I am reading a famous textbook (4th Edition) by Kolmogorov and Fomin (translated from Russian to Japanese).
There is the following exercise in this book:
Let M be an infinite set.
Let $A$ be a finite or countable set.
Prove that $M\sim M\cup A.$
My solution is the following.
Is my solution correct?
Is my solution a standard solution for this exercise?

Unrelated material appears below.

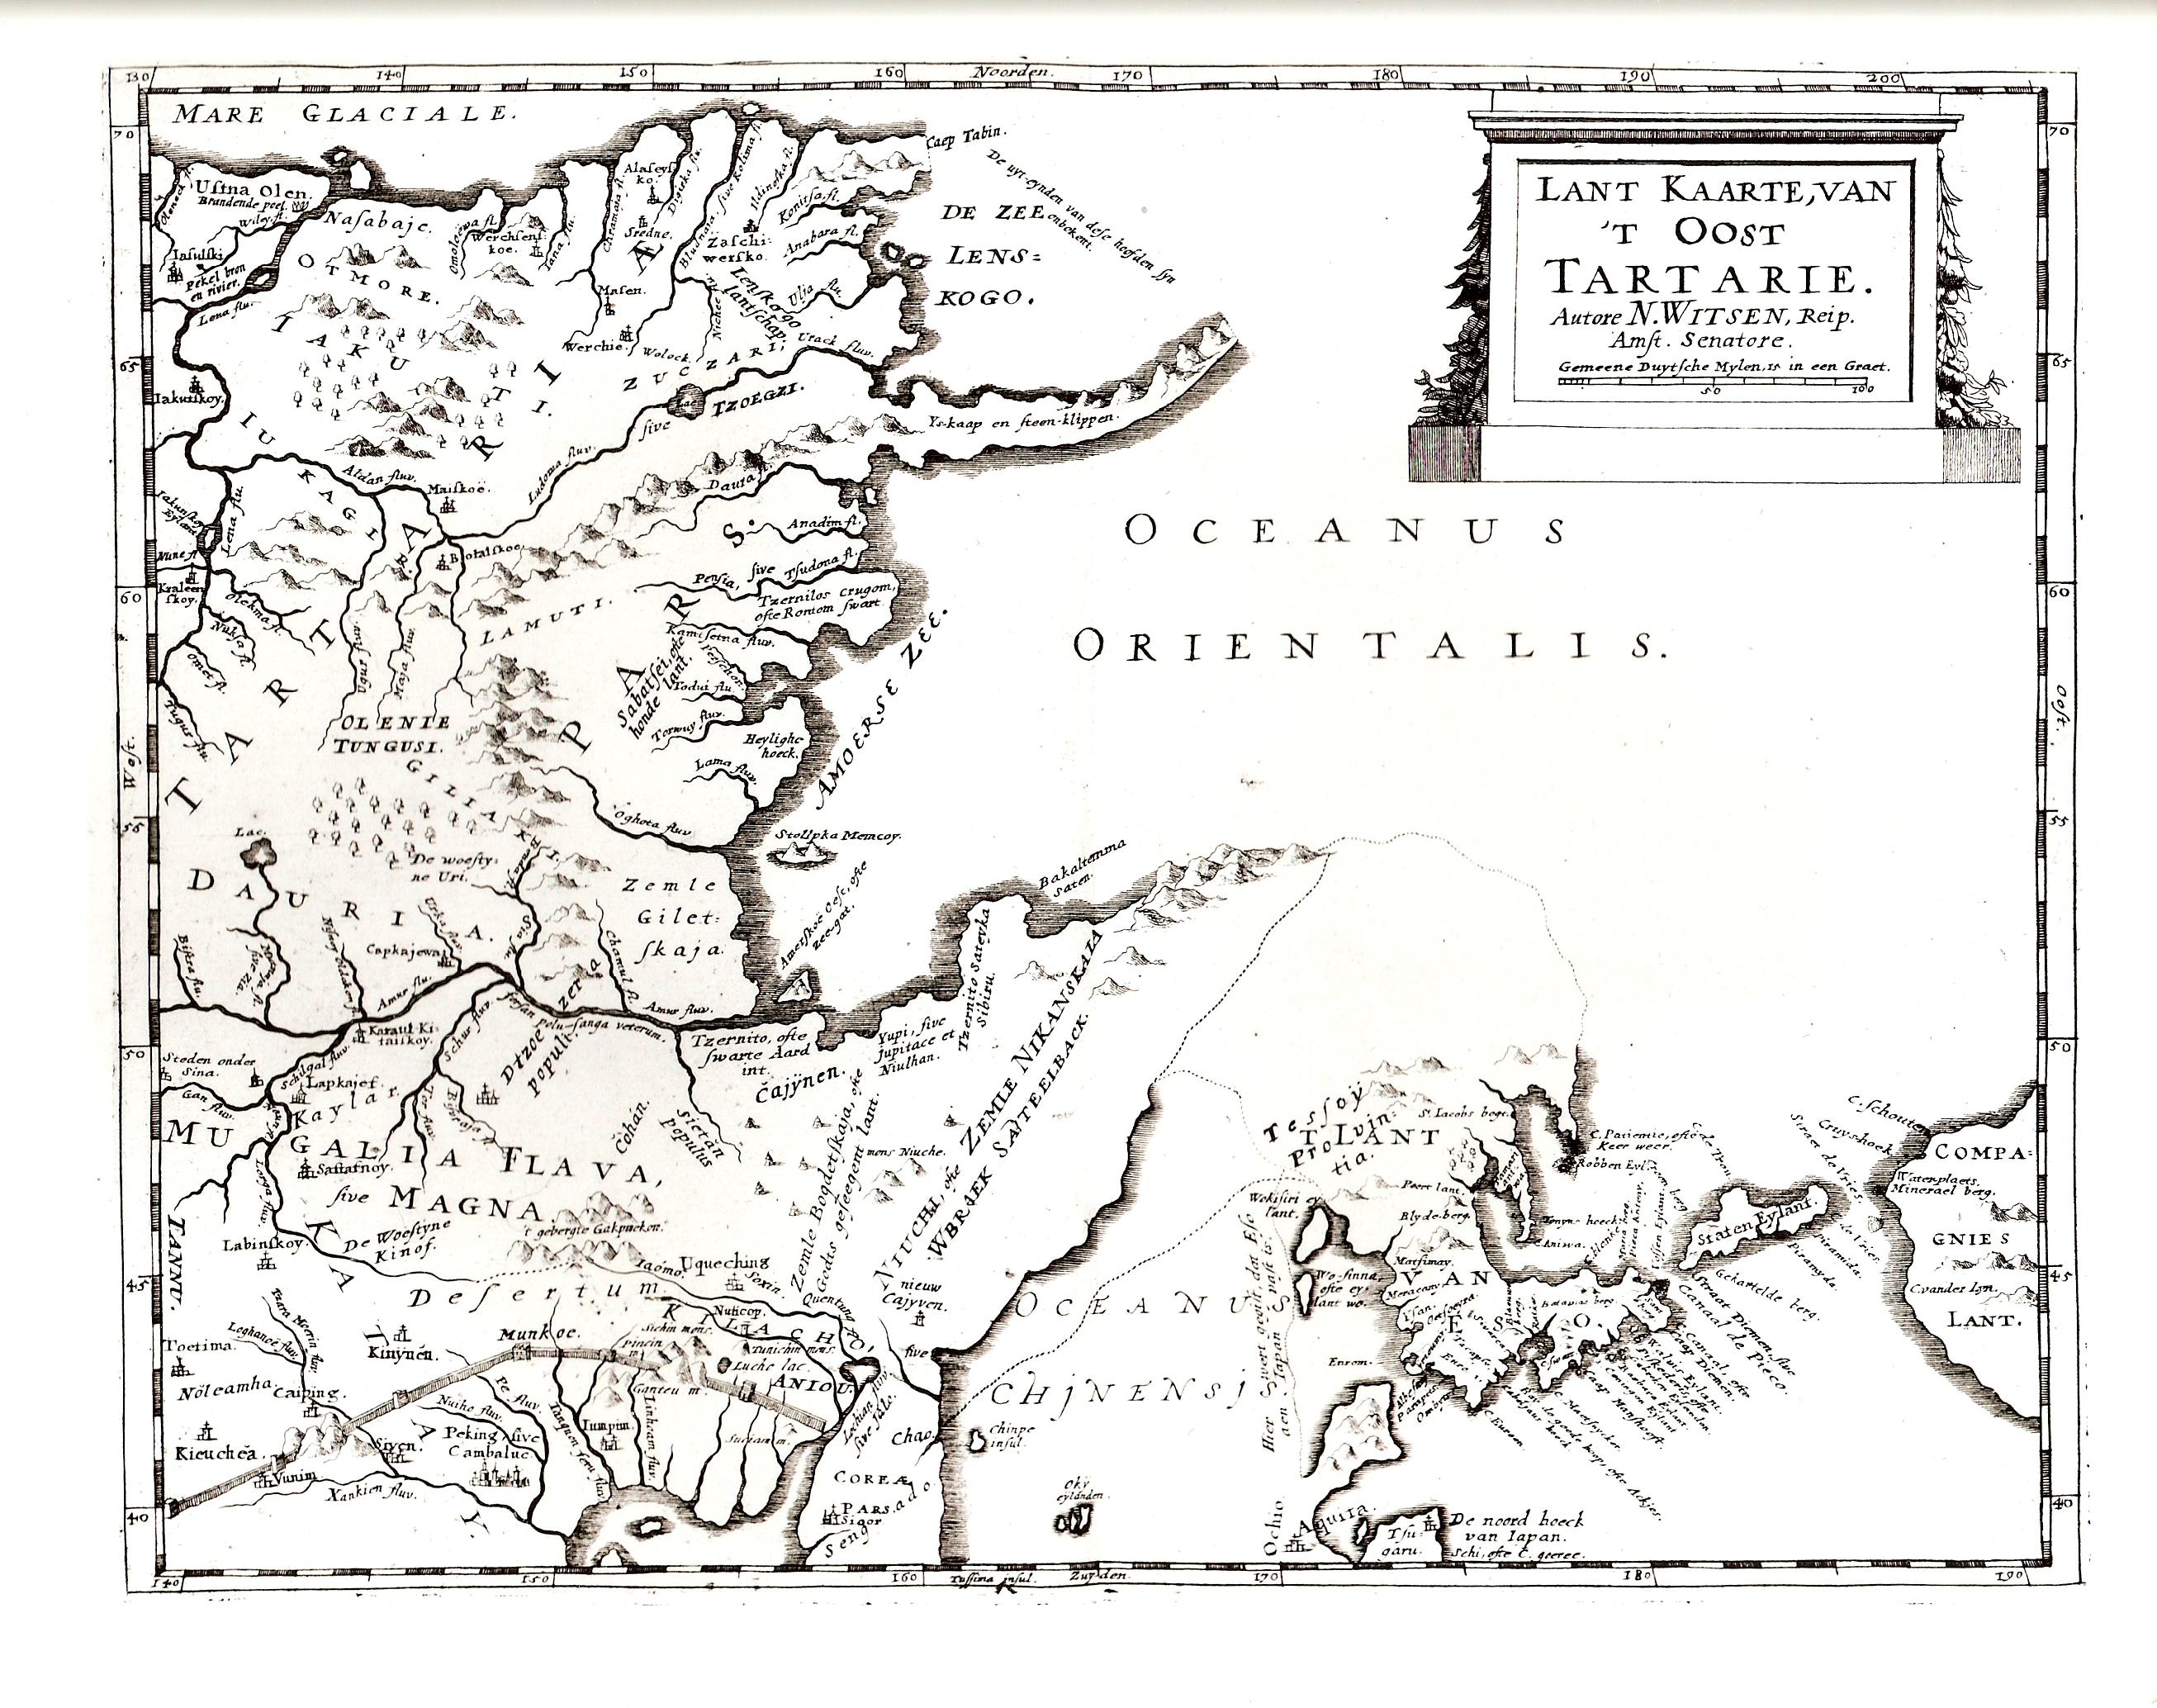 Карта Восточной Тартарии, составленная Н. Витсеном, членом Городского Совета города Амстердама

I want to know a standard solution for this exercise and I want to improve my solution.
Thank you!
(1) In the case $A$ is a finite set.
Since $M$ is an infinite set, $M$ contains a countable set $B$.
Obviously, $B\sim B\cup A$.
So, $M=(M\setminus B)\cup B\sim (M\setminus B)\cup (B\cup A)=M\cup A.$
(2) In the case $A$ is a countable set.
If $A\setminus M$ is a finite set, then $M\sim M\cup (A\setminus M)=M\cup A$ by (1).

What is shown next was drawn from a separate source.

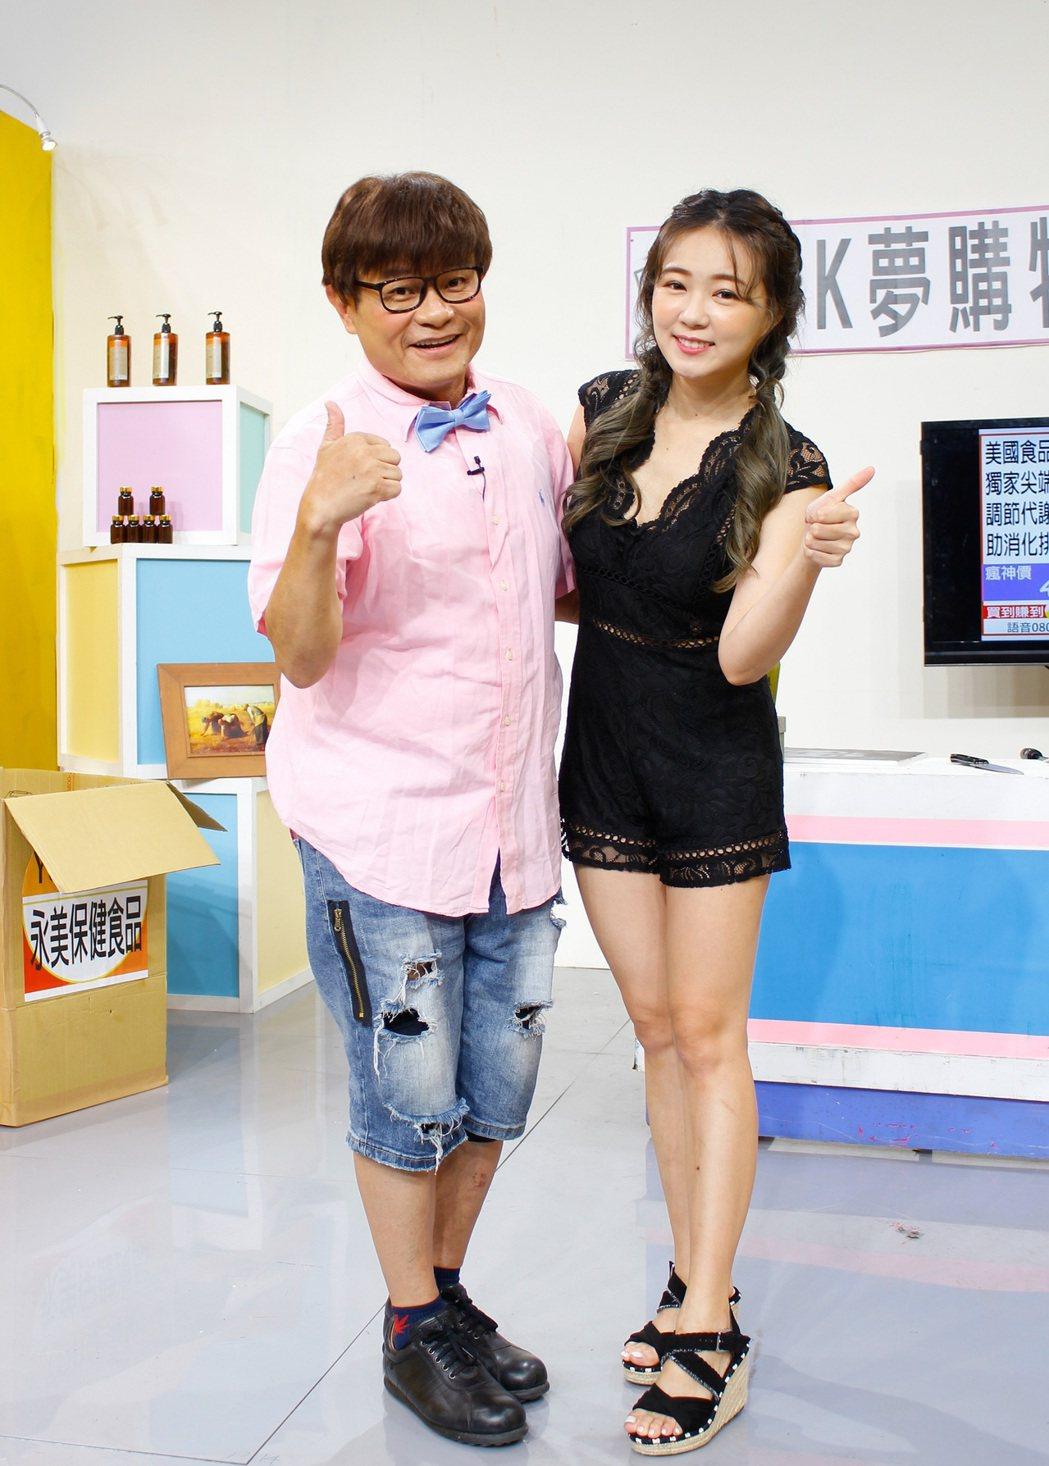 許效舜(左)和詹子晴挑戰無台詞即興演出。圖/衛視提供

We consider the case $A\setminus M$ is a countable set.
Since $M$ is an infinite set, $M$ contains a countable set $B = \{b_1,b_2,b_3,\dots,b_n,\dots\}$.
Let $B_1:=\{b_1,b_3,b_5,\dots\}$.
Let $B_2:=\{b_2,b_4,b_6,\dots\}$.
Then, $B=B_1\cup B_2$ and $B_1$ and $B_2$ are countable sets.
So, $B\sim B_1$ and $B_2\sim A\setminus M$.
So, $M\setminus B_2=B_1\cup (M\setminus B)\sim B\cup (M\setminus B)=M$.
So, $M=(M\setminus B_2)\cup B_2\sim M\cup (A\setminus M)=M\cup A.$
Best Answer
I think your proof is correct. But it can be simplified.
In case (2), given that $B$ and $A$ are both countable, $B\sim B\cup A$. So $M=B\cup (M\setminus B)\sim (B\cup A)\cup(M\setminus B)=M\cup A$.